For tank systems, we narrow the UN definition of water security to the sustained availability of and access to water as an input to agricultural production and associated human well-being. The broad themes of human health and livelihoods, provisioning uses, ecological function, and vulnerability reduction identified in the water security literature (Cook & Bakker, 2012; Global Water Partnership, 2000; Grey & Sadoff, 2007) are integral to the long-term sustainability of the system. However, the underlying water

scarcity that drives questions of water security is context dependent - how the needs of the affected population are defined, the availability of water, and the spatial and temporal scales of water delivery to meet those needs (Rijsberman, 2006). In many cases, those needs and the pressures acting upon them can be classified into "syndromes" of water security, with common causal factors and potential outcomes (Srinivasan, Lambin, Gorelick, Thompson, & Rozelle, 2012). In rural Tamil Nadu, the local context is largely subsistence-level farming, poverty, and arid conditions mediated by monsoon precipitation, cutting across typologies of water security (e.g., groundwater depletion, ecological destruction, unmet subsistence needs, resource capture) within a nested coupled system. From a risk-based perspective on water security (Hall & Borgomeo, 2013), tanks enable alternative decisions and outcomes by altering the availability and access of water at the scales of farm fields, tanks, and tank cascades.

3.2. Indicators of water poverty and sustainability

Several existing indicator frameworks incorporate aspects of water security, most of which employ design standards of simplicity, transparency, and data availability (Pinter, Hardi, Martinuzzi, & Hall, 2012) to improve accessibility to policymakers and local stakeholders. The Water Poverty Index measures water stress by combining indicators of physical water availability, access, use, social & institutional capacity, and environmental integrity (Sullivan, 2002; Sullivan, Meigh, & Giacomello, 2003). It has been applied as a comparative measure across national settings and scales (Garriga & Foguet, 2010). However, the Water Poverty Index underplays interactions among social and environmental processes, omits ecosystem services (Sullivan, Meigh, & Lawrence, 2006), and may poorly distinguish "poor" and "water poor" (Komnenic, Ahlers, & Van Der Zaag, 2009).

Other water indicators incorporate system processes and component interaction via performance criteria (Sandoval-Solis, McKinney, & Loucks, 2010), or indicator construction based on the a pressure-state-response (PSR) causal chain (Chaves & Alipaz, 2007; Milman & Short, 2008; Pérez-Foguet & Garriga, 2011).
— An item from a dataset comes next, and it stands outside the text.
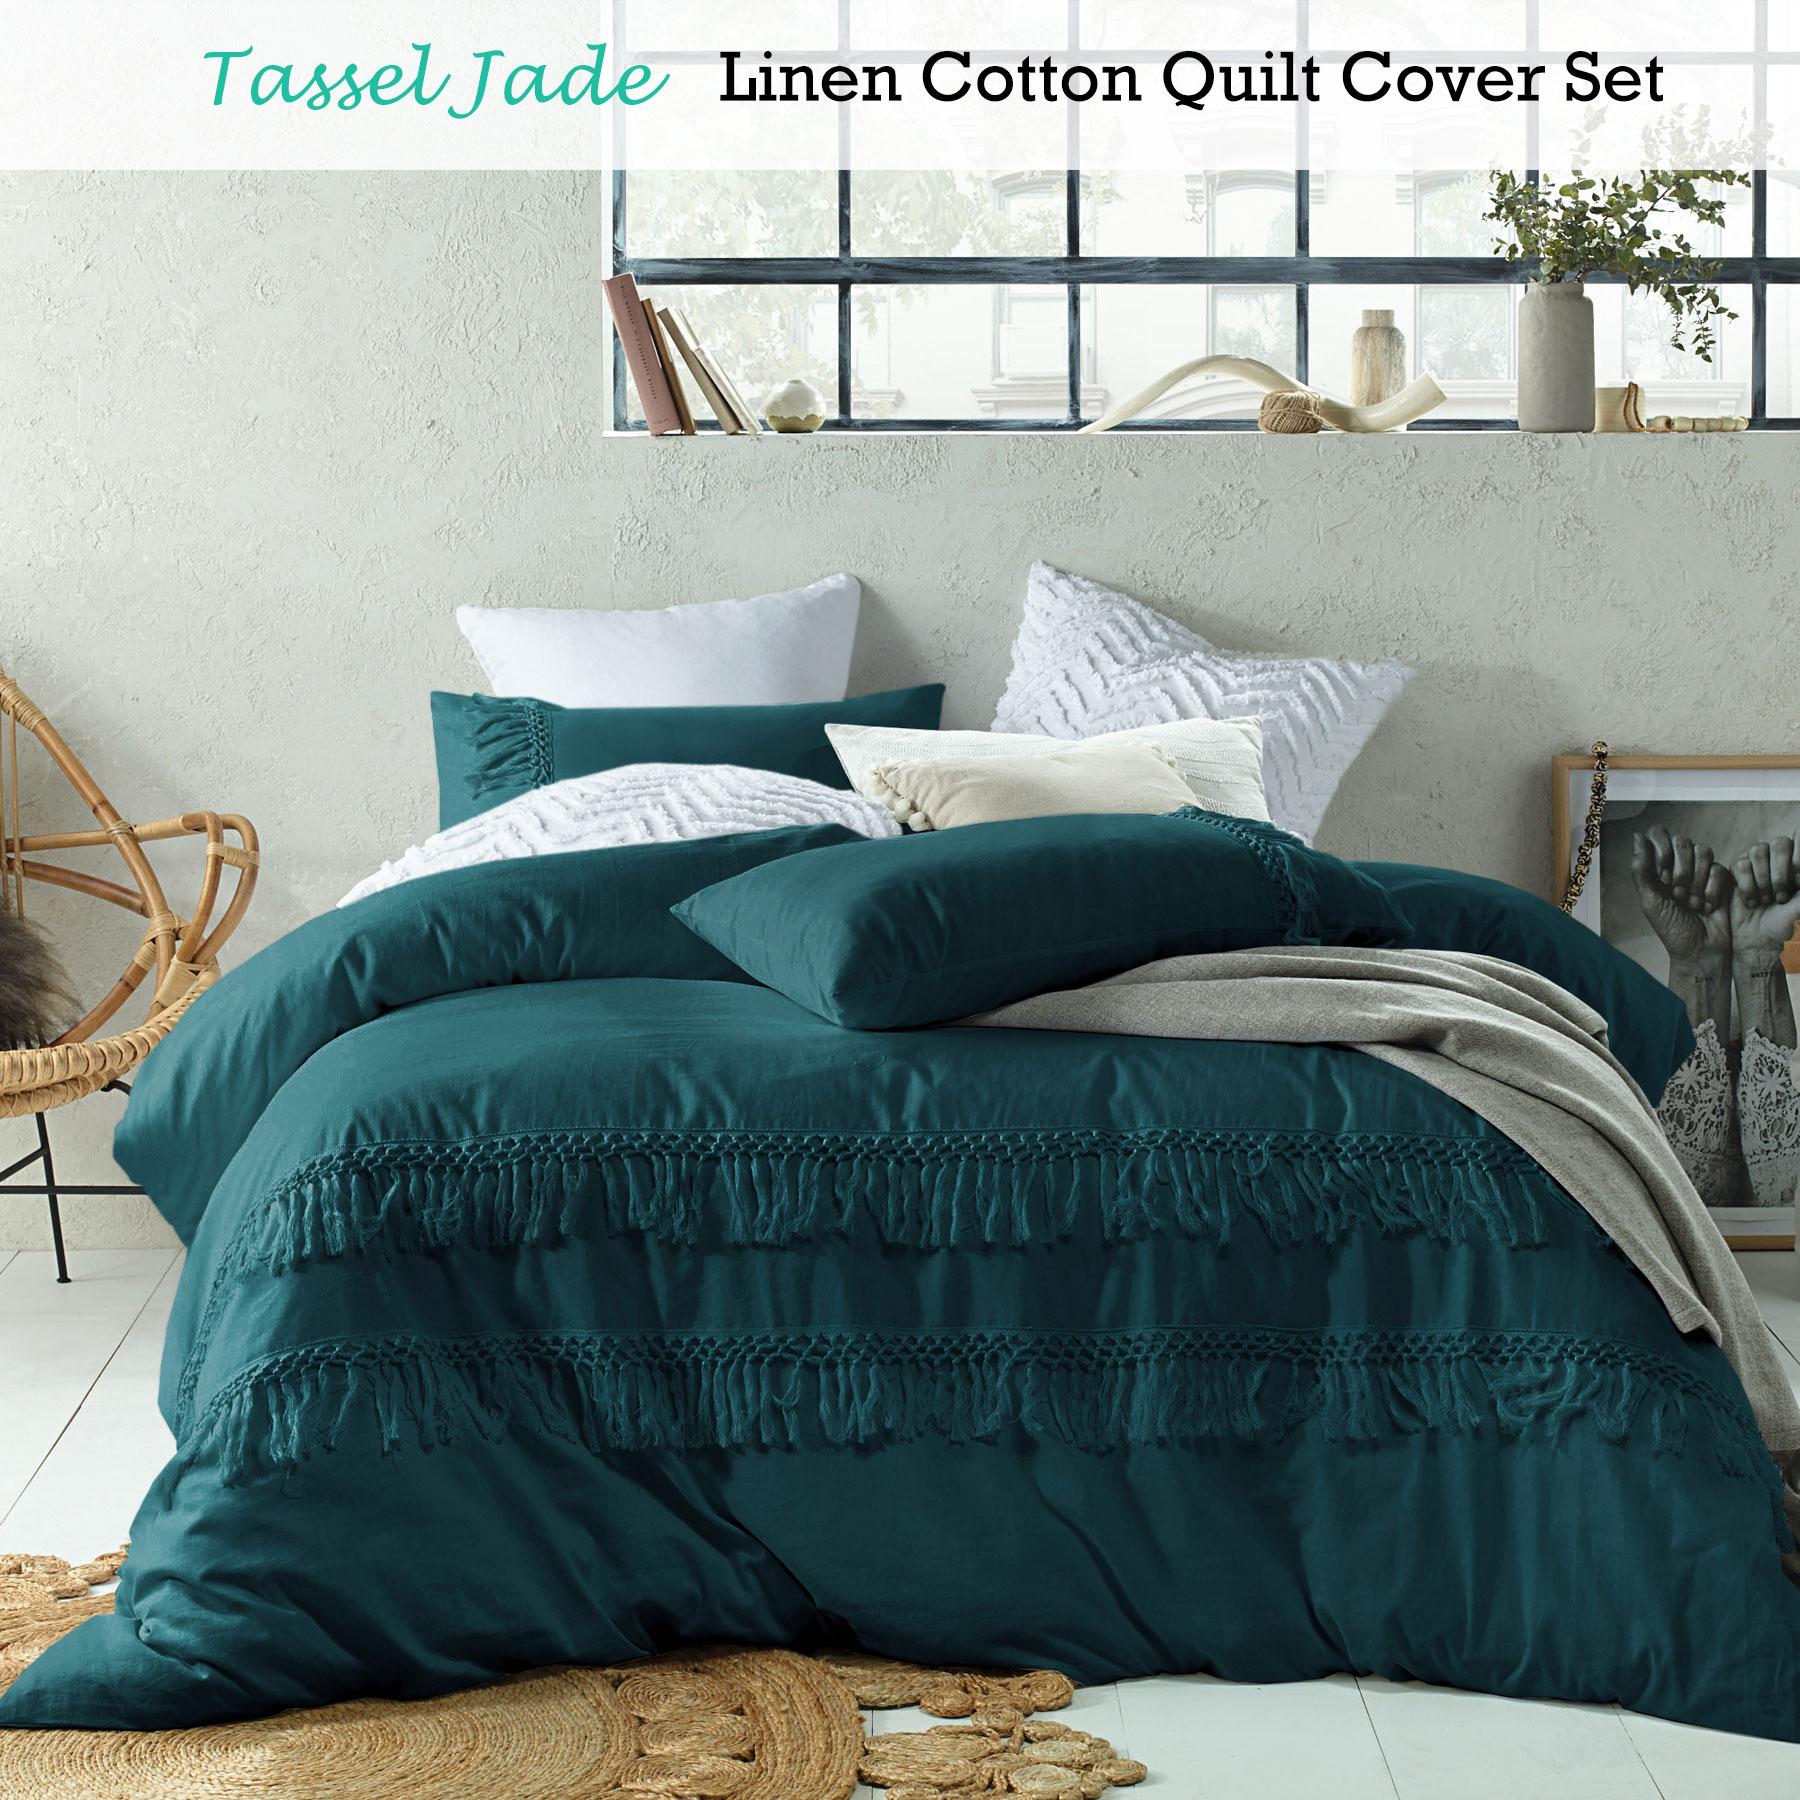 bb7ff7add3ad Details about Tassel JADE Linen Cotton Quilt Duvet Cover Set - DOUBLE QUEEN  KING Super King

Despite limitations in data availability and structural design, these indicators of water poverty and water sustainability describe how system dynamics and causal relationships can structure the assessment of water poverty. The Water Security Status Indicators assessment method includes end users working at a local scale, and uses multivariate inputs to generate concrete outputs to aid in the water decision-making process (Norman, Dunn, Bakker, Allen, & DeAlbuquerque, 2013). It allows for simultaneous analysis of multiple indicators, though their efficacy depends upon the quality of the selected indicators.

3.3. Coupled systems frameworks

Indicator models have tended to focus on a single scale of analysis, such as national water budgets or watershed hydrology (Cook & Bakker, 2012). The multi-scale processes, social outcomes, and spatiotemporal lags between cause and effect in tank systems can be understood through coupled human and natural systems (CHANS) and socio-hydrology frameworks. CHANS research investigates the bidirectional feedback mechanisms and interactions that link natural and human systems across space and scale (Liu et al., 2007). For example, expansion of groundwater extraction is strengthening feedback mechanisms between tank management and dependence on wells.
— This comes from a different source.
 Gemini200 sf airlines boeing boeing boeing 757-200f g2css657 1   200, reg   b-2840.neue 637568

Water security can also be assessed through the ecosystem service model (Carpenter et al., 2006; Potschin & Haines-Young, 2011; Raudsepp-Hearne et al., 2010), in which tanks enable a

series of ecosystem services and benefits. The management of these services occurs in the context of multi-scale preferences, policy, and market forces, thereby linking the water provisioning system to human well-being. Similarly, socio-hydrology considers "the co-evolution of humans and water on the landscape" (Sivapalan, Savenije, & Bloschl, 2012), with co-evolutionary defined as a system exhibiting emergent behavior created by feedbacks between processes (Kallis, 2007; Winder, Mcintosh, & Jeffrey, 2005). The socio-hydrology perspective embodies a shift in analytical focus in hydrologic science from isolated collections of stocks and flows, to the processes linking social and ecological dynamics in a region (Jackson, Jobbágy, & Nosetto, 2009; Rodriguez-Iturbe, 2000). Research in this area addresses water and human activity at a range of spatial and temporal scales (Sivapalan et al., 2014), with a recognition that human-water systems contain nonlinearities, where slow and fast processes interact to create complex system dynamics and often produce unexpected outcomes (Carpenter & Turner, 2000; Crápin, 2007; Sivapalan et al., 2012).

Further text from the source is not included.